DATA FOR ANALYSIS:
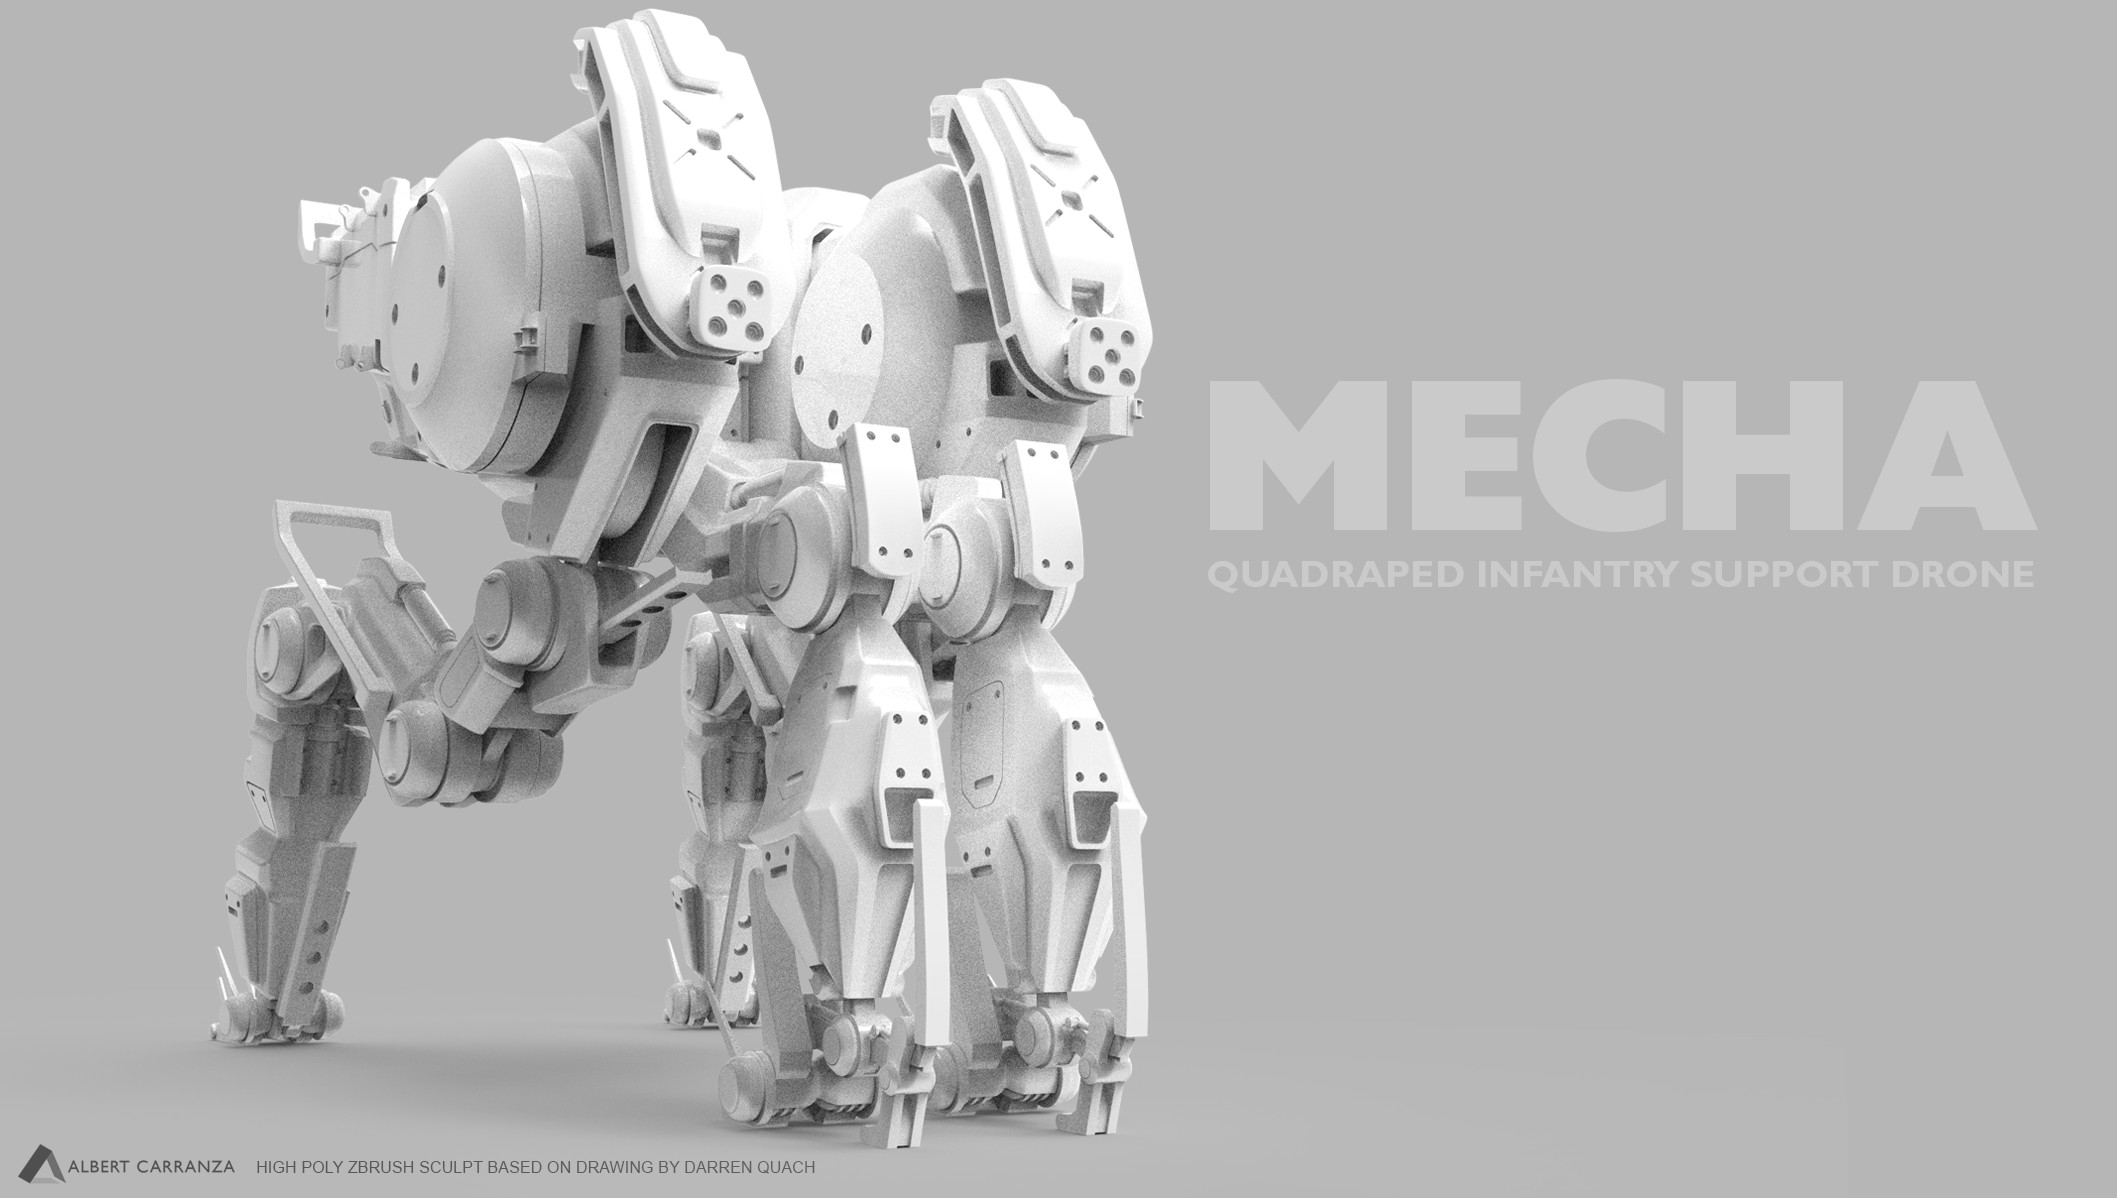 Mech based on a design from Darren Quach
--
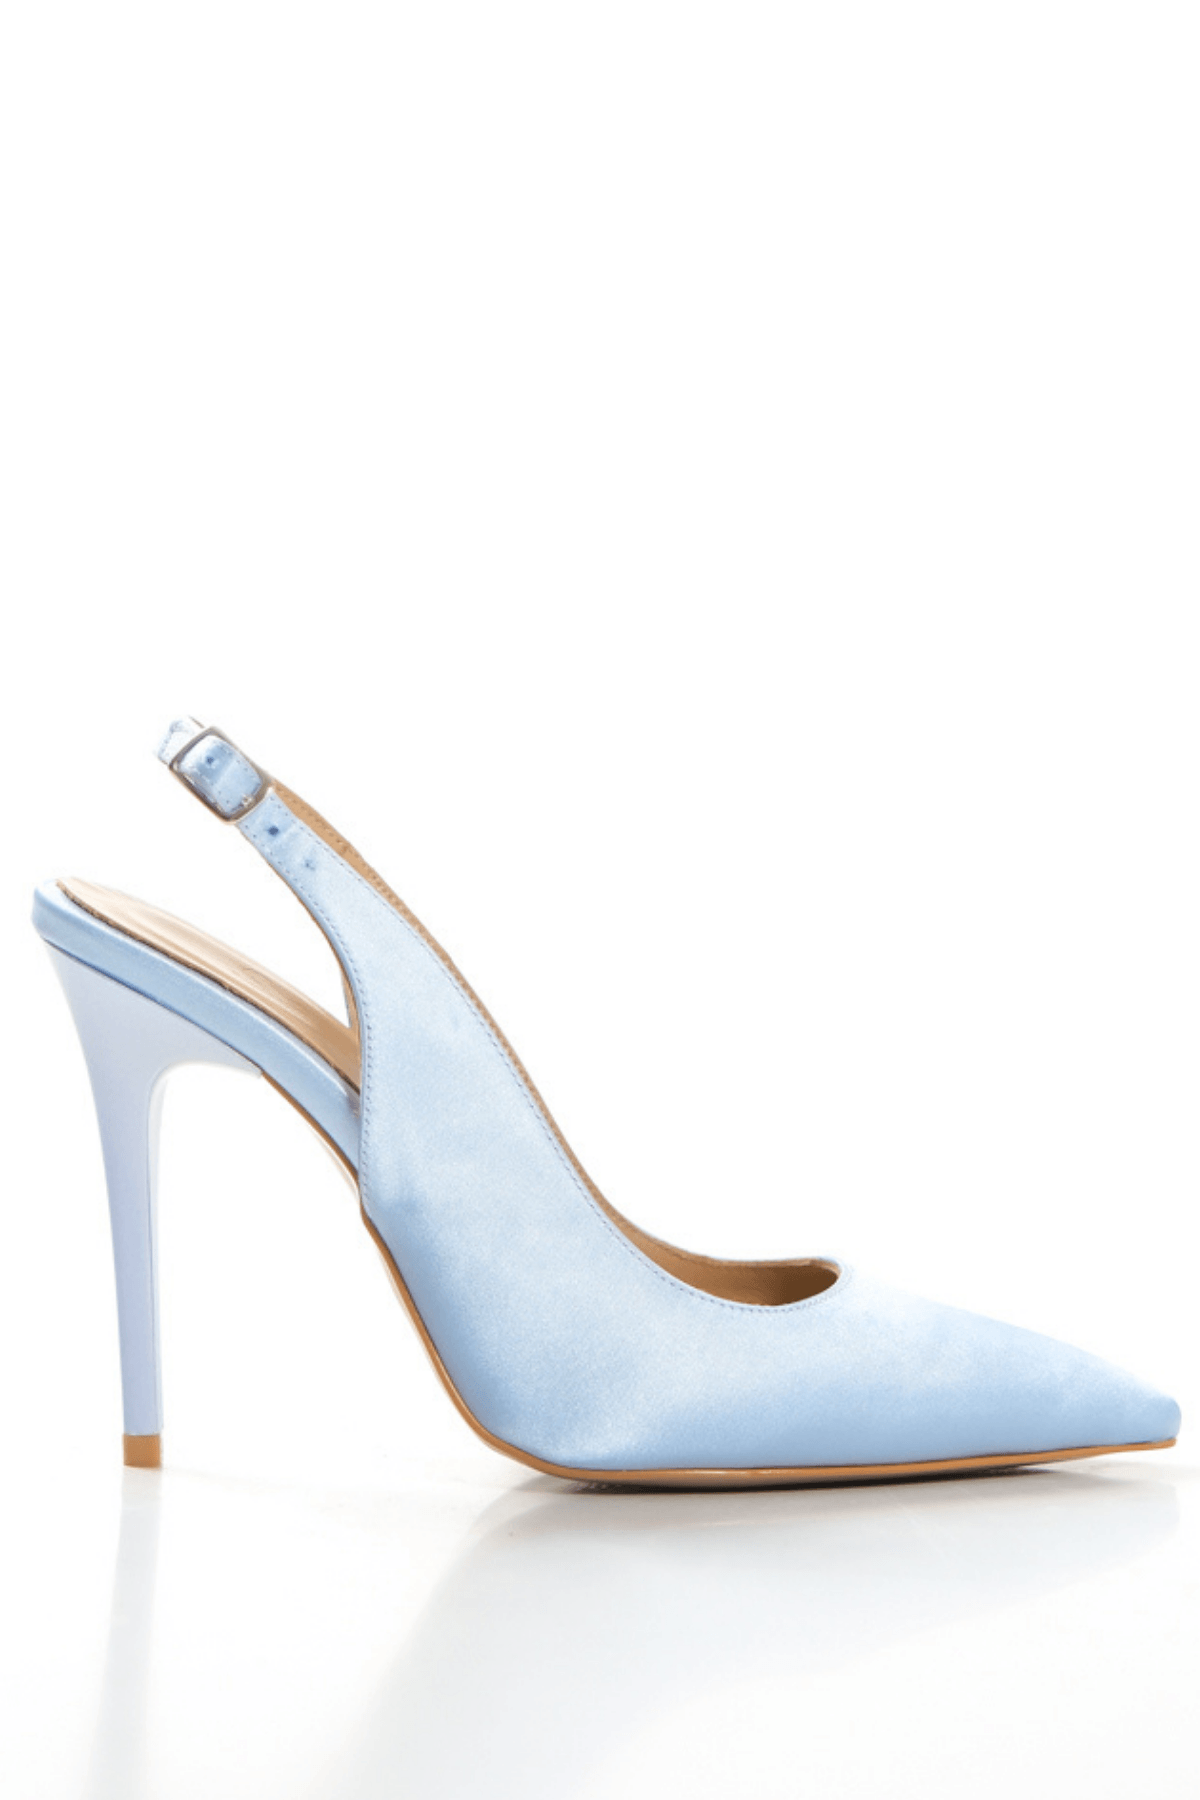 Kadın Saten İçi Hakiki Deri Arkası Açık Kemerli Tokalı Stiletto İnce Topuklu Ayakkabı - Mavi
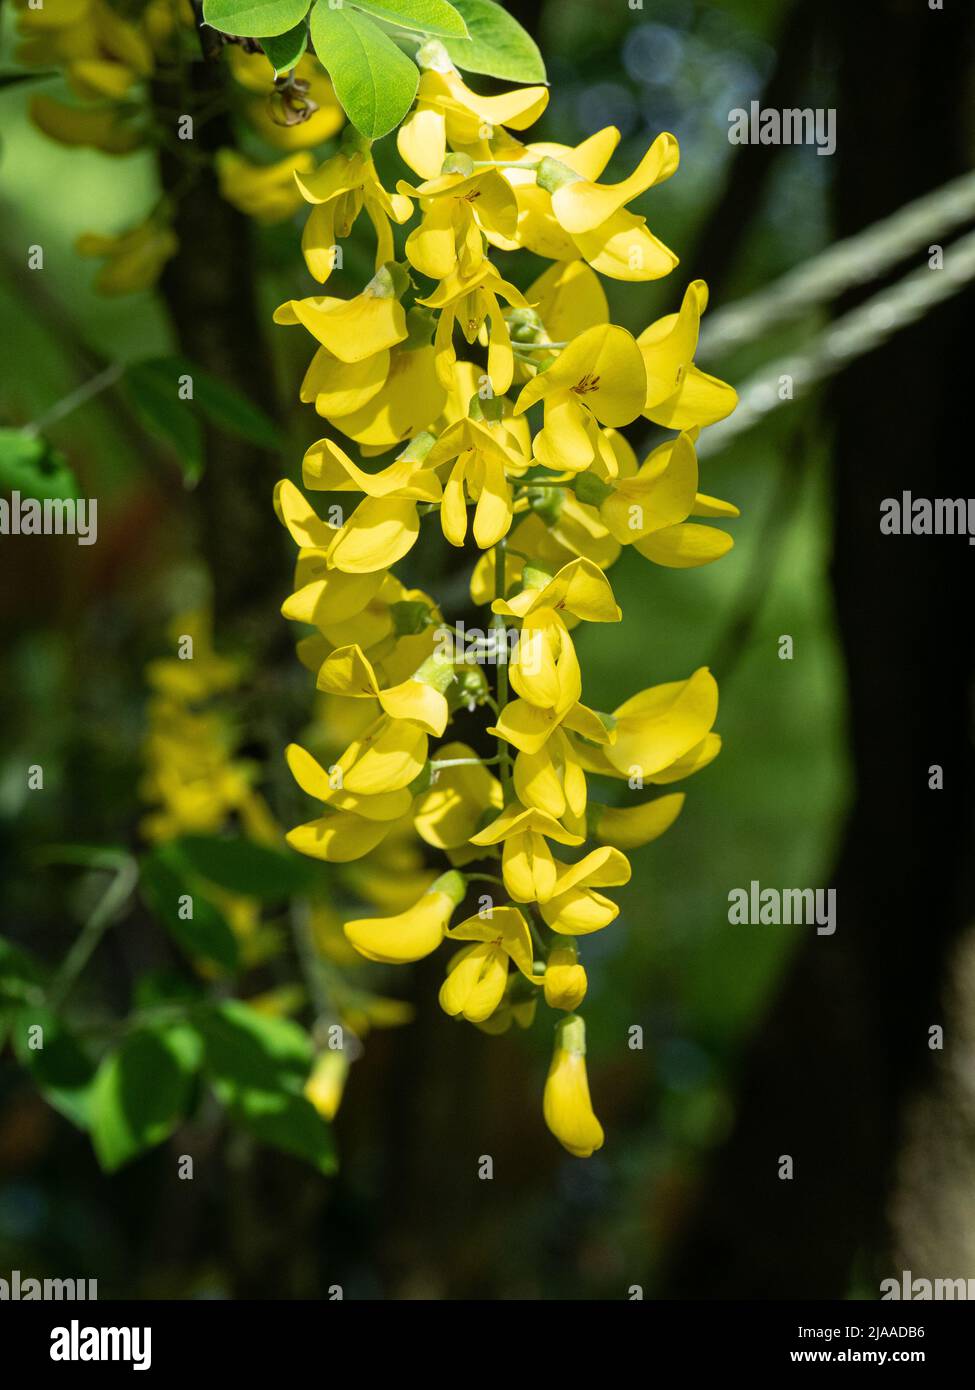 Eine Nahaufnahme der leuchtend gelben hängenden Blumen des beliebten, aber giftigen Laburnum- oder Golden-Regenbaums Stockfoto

YOUR TASK:
In the data above, take the line with "Kadın Saten İçi", the line with "Eine Nahaufnahme der", and every line between, and set them down exactly without pictures.

RESULT:
 Kadın Saten İçi Hakiki Deri Arkası Açık Kemerli Tokalı Stiletto İnce Topuklu Ayakkabı - Mavi
 Eine Nahaufnahme der leuchtend gelben hängenden Blumen des beliebten, aber giftigen Laburnum- oder Golden-Regenbaums Stockfoto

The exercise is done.